WongKinYiu / CrossStagePartialNetworks

Cross Stage Partial Networks
https://github.com/WongKinYiu/CrossStagePartialNetworks
897 stars 173 forks source link

Try to train fast (grouped-conv) versions of csdarknet53 and csdarknet19 #6

Open AlexeyAB opened 4 years ago

AlexeyAB commented 4 years ago

@WongKinYiu Hi,

Since CSPDarkNet53 is better than CSPResNeXt50 for Detector, try to train these 4 models:

Model GPU 256x256 512x512 608x608
darknet53.cfg (original) RTX 2070 113 56 38
csdarknet53.cfg (original) RTX 2070 101 57 41
csdarknet53g.cfg.txt RTX 2070 122 64 46
csdarknet53ghr.cfg.txt RTX 2070 100 75 57
spinenet49.cfg.txt low priority RTX 2070 49 44 43
csdarknet19-fast.cfg.txt RTX 2070 213 149 116

csdarknet19-fast.cfg contains DropBlock, so use the latest version of Darknet that uses fast random-functions for DropBlock.
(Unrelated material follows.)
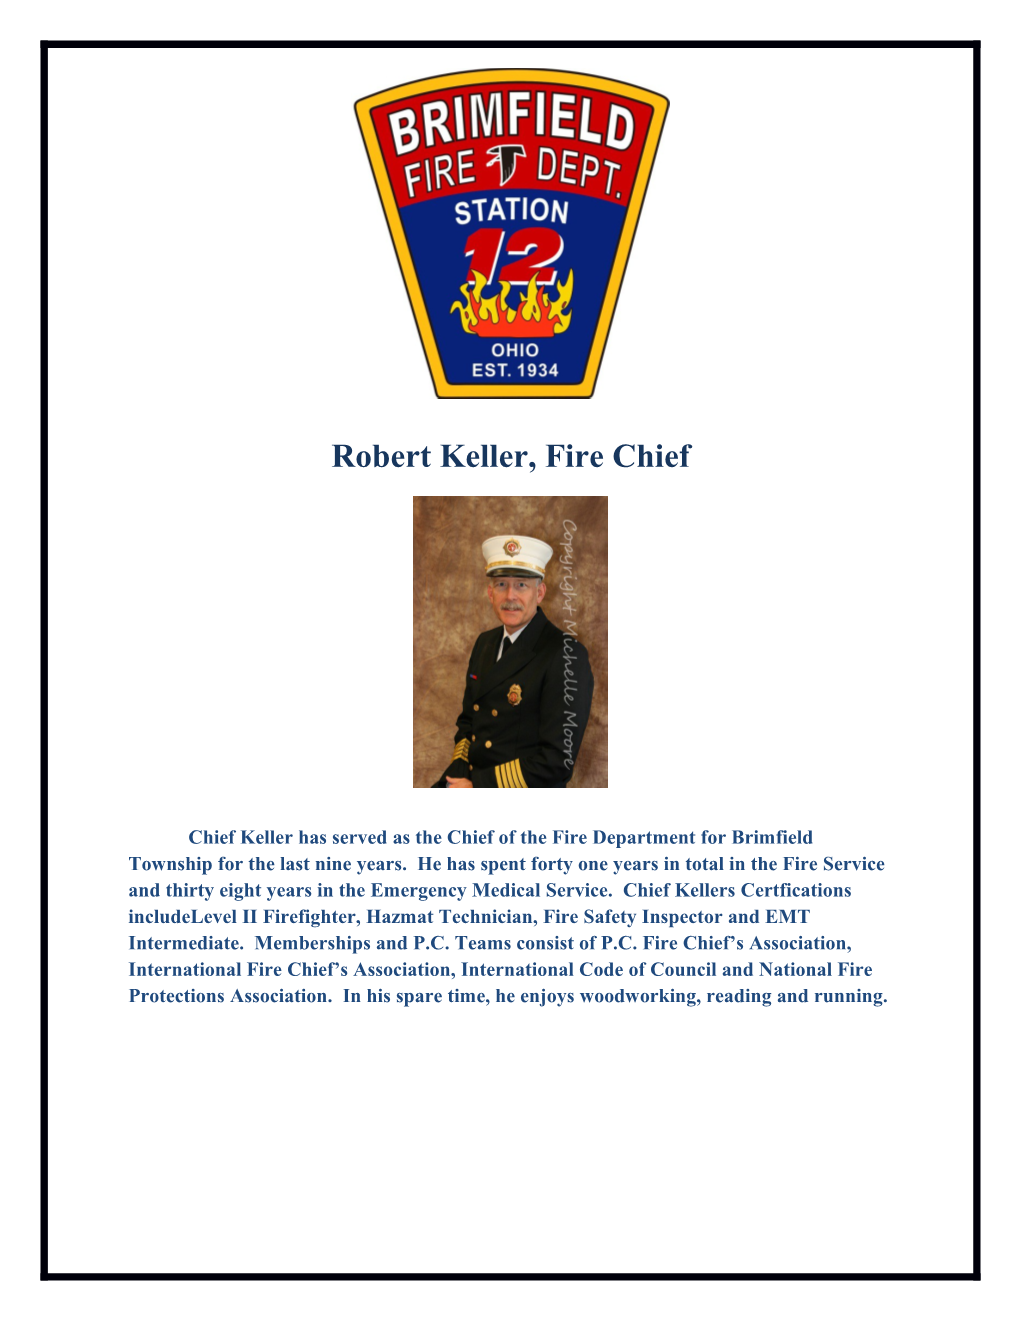 Robert Keller, Fire Chief

WongKinYiu commented 4 years ago

@AlexeyAB Thanks,

I will get free gpus after finish training local_avgpool models.

AlexeyAB commented 4 years ago

@WongKinYiu Hi,

So you should combine two networks with more layers and more parameters (CSPDarknet-53) + more outputs (CSPResNeXt-50)
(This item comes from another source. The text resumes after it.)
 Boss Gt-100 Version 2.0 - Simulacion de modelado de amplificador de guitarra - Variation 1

  1. It seems that the model CSPResNeXt50 has higher Top1/Top5 because it has more outputs for each layer out_w * out_h * out_c (i.e. it has higher filters= in [conv] layers).
    258 291 (1.1x) CSPresnext50 / 233 348 (1.0x) CSPDarknet53.

  2. It seems that although a small number of parameters ~21M (CSPResNet50/CSPResNext50) = [conv] groups = 32 and 84 layers are sufficient for the 256x256 Classifier, but a much more number of parameters ~27M (CSPDarkNet53) [conv] groups = 1 and 108 layers is needed for the 512x512 Detector.

Suggestion:

Model Num of layers G r o u p s Para meters average outputs = out_w X out_h X out_c RTX 2070 FPS b f l o p s Top1 / Top5 Top1 / Top5 (mosaic + label smooth + mish) AP (Detector) 512x512
CSP DarkNet53 256x256 108 1 27 233 348 (1.0x) 125 13 77.2% / 93.6% 78.7% / 94.8% 38.7 %
CSP ResNeXt50 256x256 84 32 20 258 291 (1.1x) 72 8 77.9% / 94.0% 79.8% / 95.2% 38.0 %
CSP ResNet50 256x256 84 1 21 203 665 (0.87x) 168 9 76.6% / 93.3% 78.1% / 94.2% 38.0 %

Did you try to train with DropBlock, does it work well?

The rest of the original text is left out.